* [DATASET SECTION]:
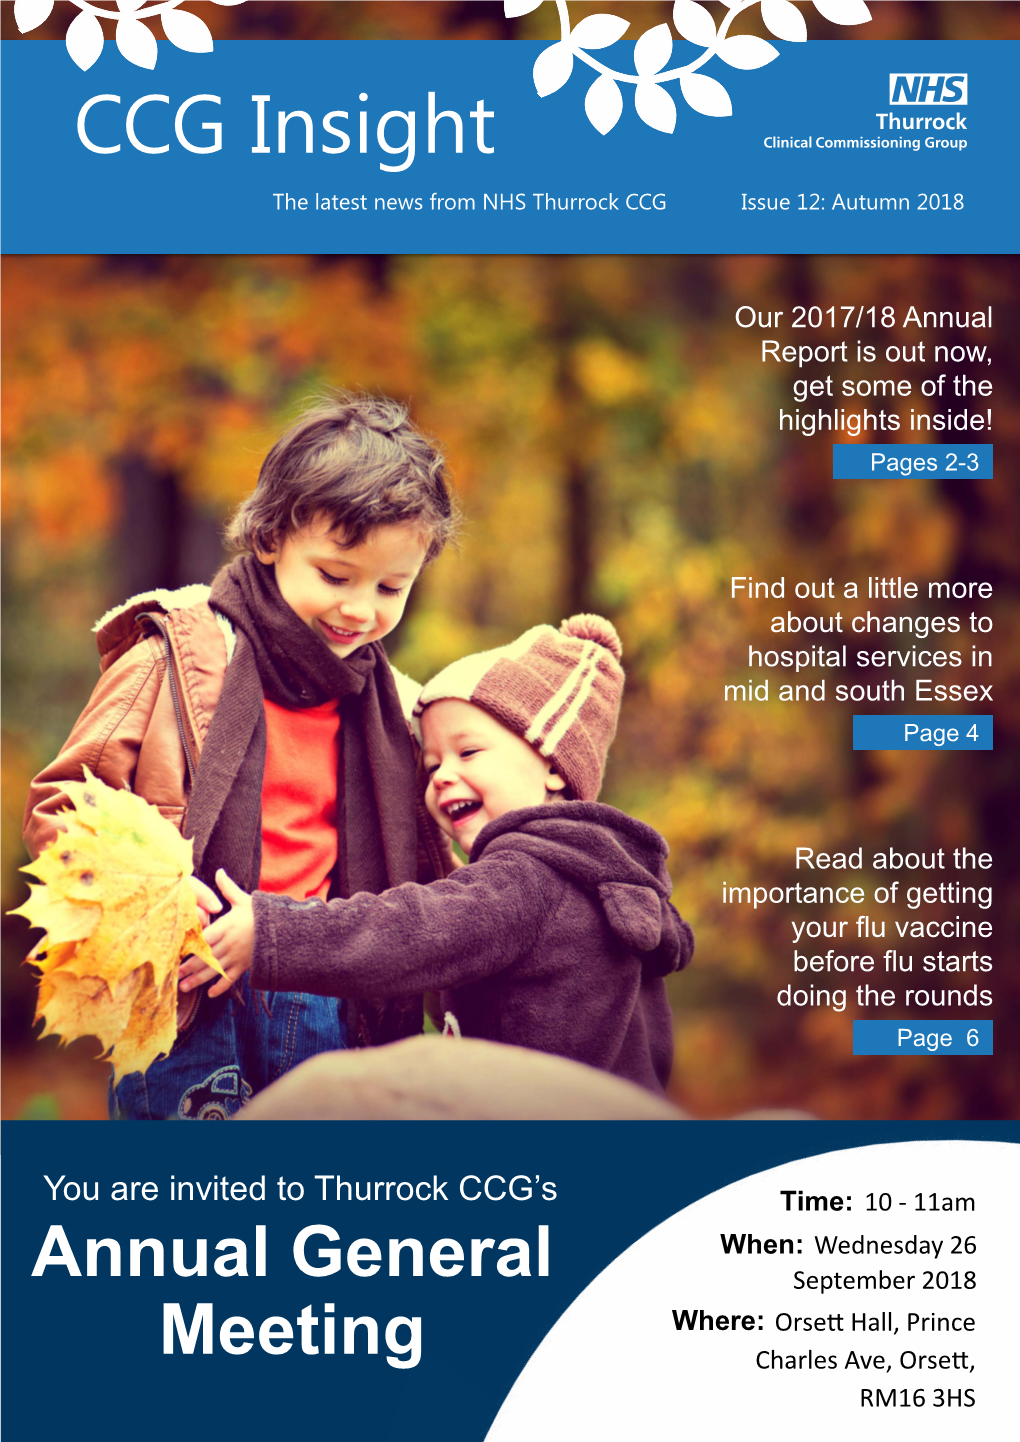 CCG Insight the Latest News from NHS Thurrock CCG Issue 12: Autumn 2018
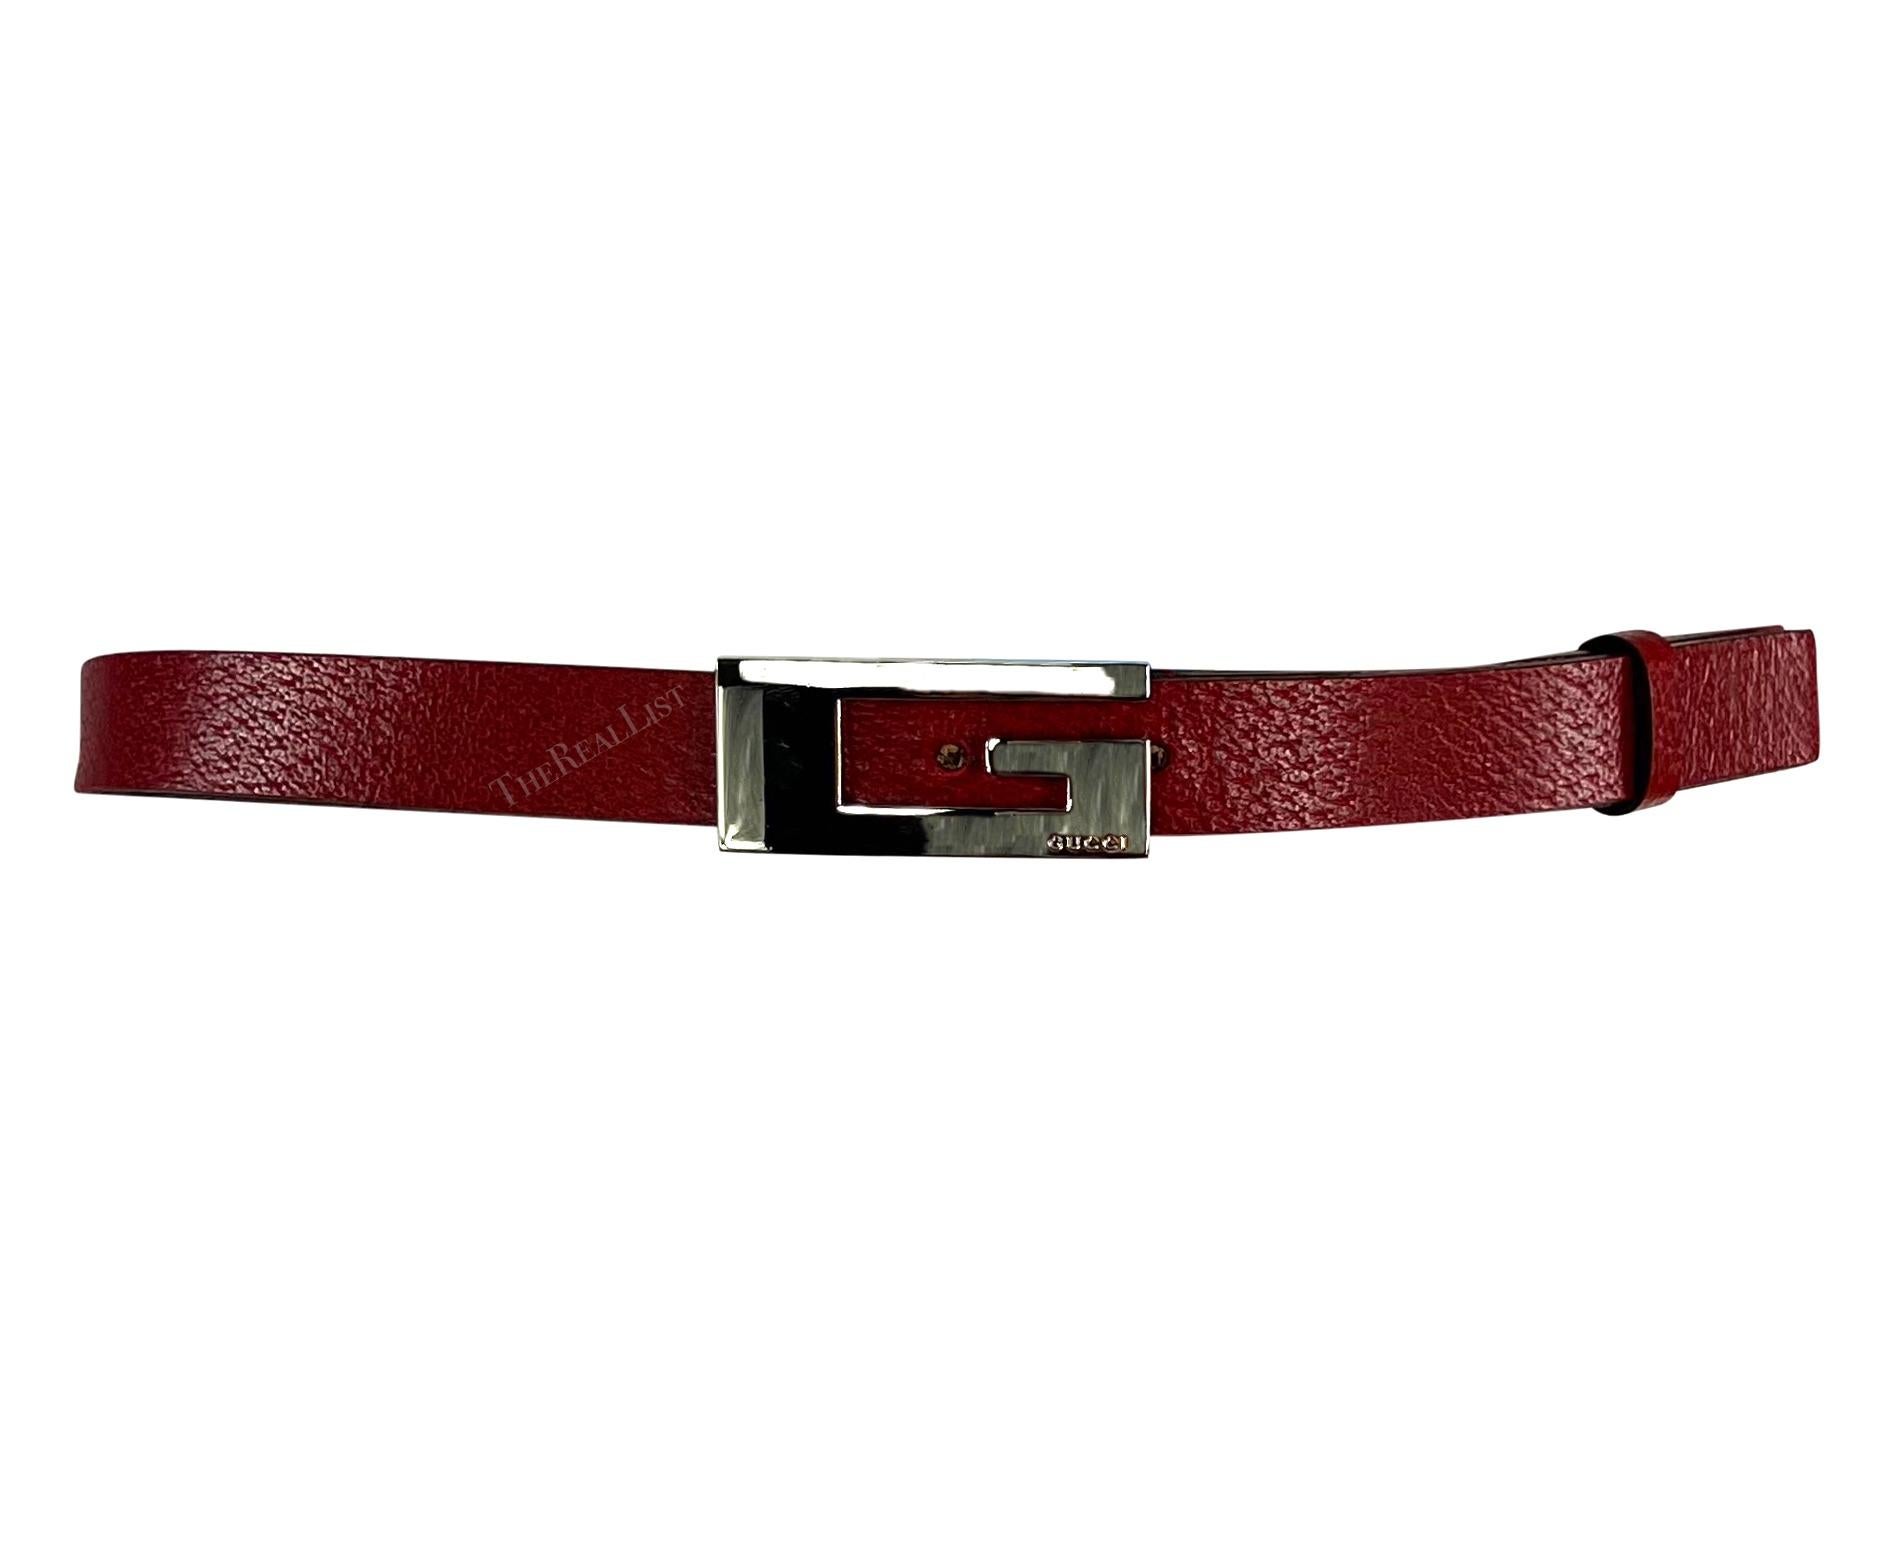 From the Spring/Summer 1998 collection, this thin leather Gucci belt was designed by Tom Ford. It features a slender design in red leather, accentuated by a distinctive rectangular silver metal 'G' buckle at the front. 

Approximate measurements:

* [WORK TO COMPLETE]: The copy should hold exactly the lines from the line containing "From the Spring/Summer" through the end of the data, both ends included, and no pictures.

* [OUTPUT FOR THIS EXERCISE]:
 From the Spring/Summer 1998 collection, this thin leather Gucci belt was designed by Tom Ford. It features a slender design in red leather, accentuated by a distinctive rectangular silver metal 'G' buckle at the front. 

Approximate measurements:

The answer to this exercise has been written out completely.